Follow the Patient, Not the Money, for Quality, Cost-Efficient Healthcare

By Richard Watson, MD, Co-Founder, Motient
Twitter: @Motient_io

It would not be surprising to anyone associated with healthcare to state that money drives the motivations and decision-making in the industry. It is certainly noted that the rank-and-file patient care cohort continues to carry the quality torch, but even these voices are filtered through a complex algorithm of “metrics” and “standards.” It has long been noted that the easiest way to control this US healthcare behemoth was through constriction of the dollars and then releasing surplus through carefully gated wickets. And so, as one could imagine, all behavior is now judged against the perceived disruption of revenues.

Now, during the last two years of navigating the rapidly decreasing number of resources, facilities and systems have come to the end of mitigations. The need to move patients creatively in the environment of no hospital capacity and the flexibility needed to make decisions on the fly is not supported in the current CMS reimbursement environment of comply or appeal. Even the easing of constraints does not offer the motivation and direct view to revenues that our health care system requires.

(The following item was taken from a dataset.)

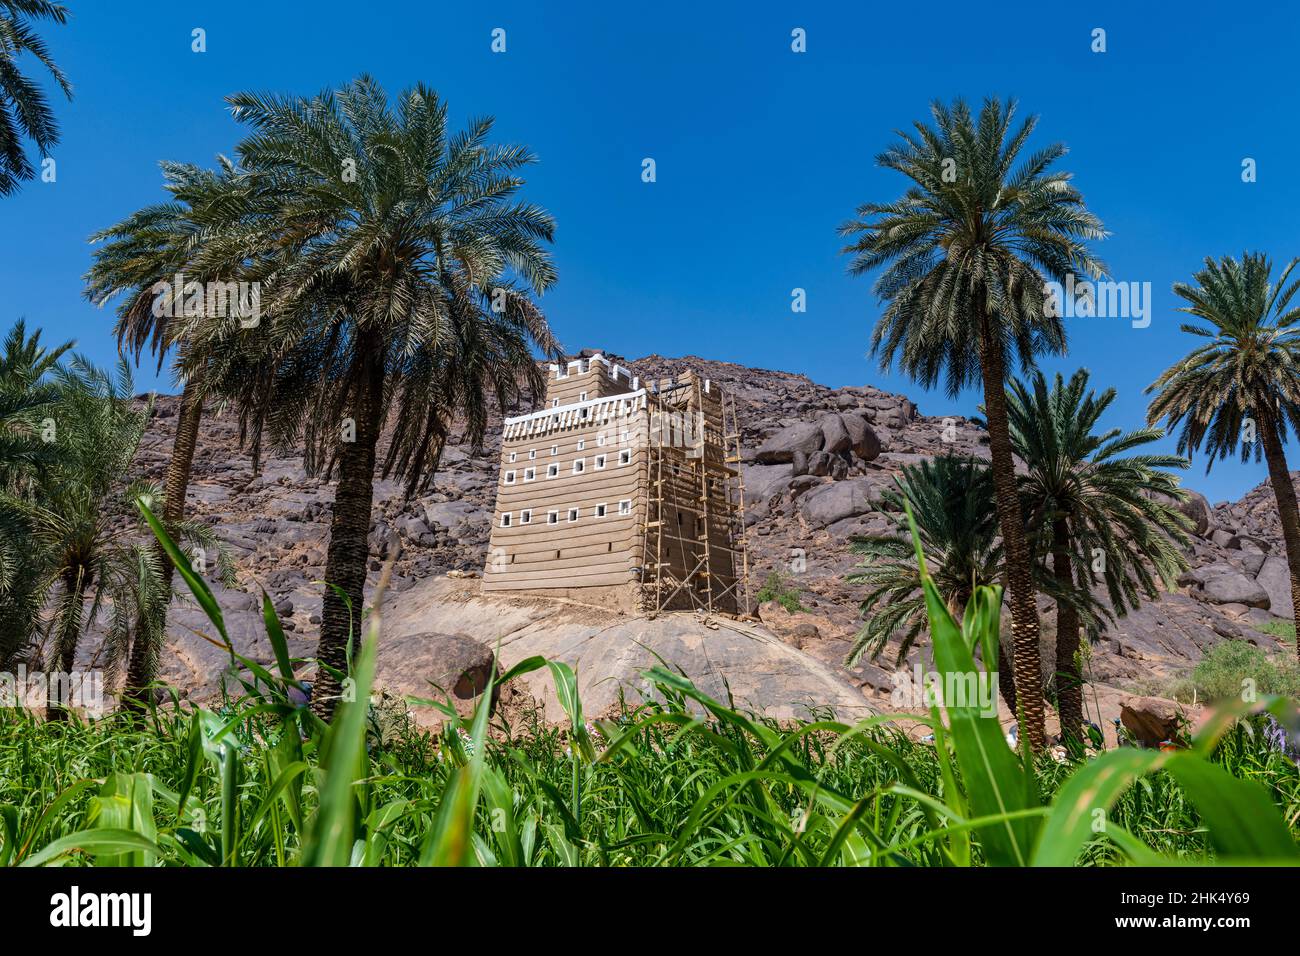 Ancienne maison fortifiée faite de boue, Najran, Royaume d'Arabie Saoudite, Moyen-Orient Banque D'Images

Connecting the Right Resources to the Right Needs

What will it take to comprehensively adapt to a rapidly changing environment? If we approach the answer from the standpoint of what is lacking in the current environment, it would be quickly evident that the system has little ability to match needs with resources. Continuing to push the needs of the patient back to the pinnacle of health care decisions must be the fundamental guiding light for decision-makers. Next, the system should have the ability to assess, categorize and apply the correct resource to the correct need. Standardizing this idea of capability is critical to understanding capacity, which is crucial to the idea of margin in the system. But that is not the whole story. When a new movie hits the streaming services, and suddenly the network is dealing with an isolated surge, the server confirmation flexes to meet demand. The system is decentralized so that multiple resources can be dealing with the traffic, not just a central hub. The math surrounding distributive networking comes into play to shift resources to areas of need. No doubt we are a ways from that dream in healthcare. But we can begin to reward those types of behaviors in the reimbursement process.

Systems that consistently assess the acuity and needs of the patient, track and connect with ecosystem resources using consistent methodology as well as analyze post hoc for trends and outcomes should be rewarded. These small steps are quickly obtainable if the revenue path is clear. We must continue to embrace the idea that matching the right patient with the right resource at the right time is the surest path to the highest quality, cost-efficient care. The technology is there to deal with this environment, and interested groups can see this vision. The question will be if larger facilities and particularly larger health systems can look beyond their own desire for advancement and make the choice to join the ecosystem. I can imagine that the disincentives for that type of protectionist behavior will have to be in place.

We Must Change for the Better, and for Each Other, to Get Where We Need to Be

If there is a lesson we should learn from the last couple of years, it is that we are all in the same sandbox, and we need each other. Citizenship in this privileged industry requires us to care about each other and look beyond self-interest. We no longer have the luxury of a never-ending supply of healthcare, and it will take several years to build back from where this pandemic has taken us. The reimbursement system must change, not only to recognize from where we have come, but those changes must also take us to where we need to be.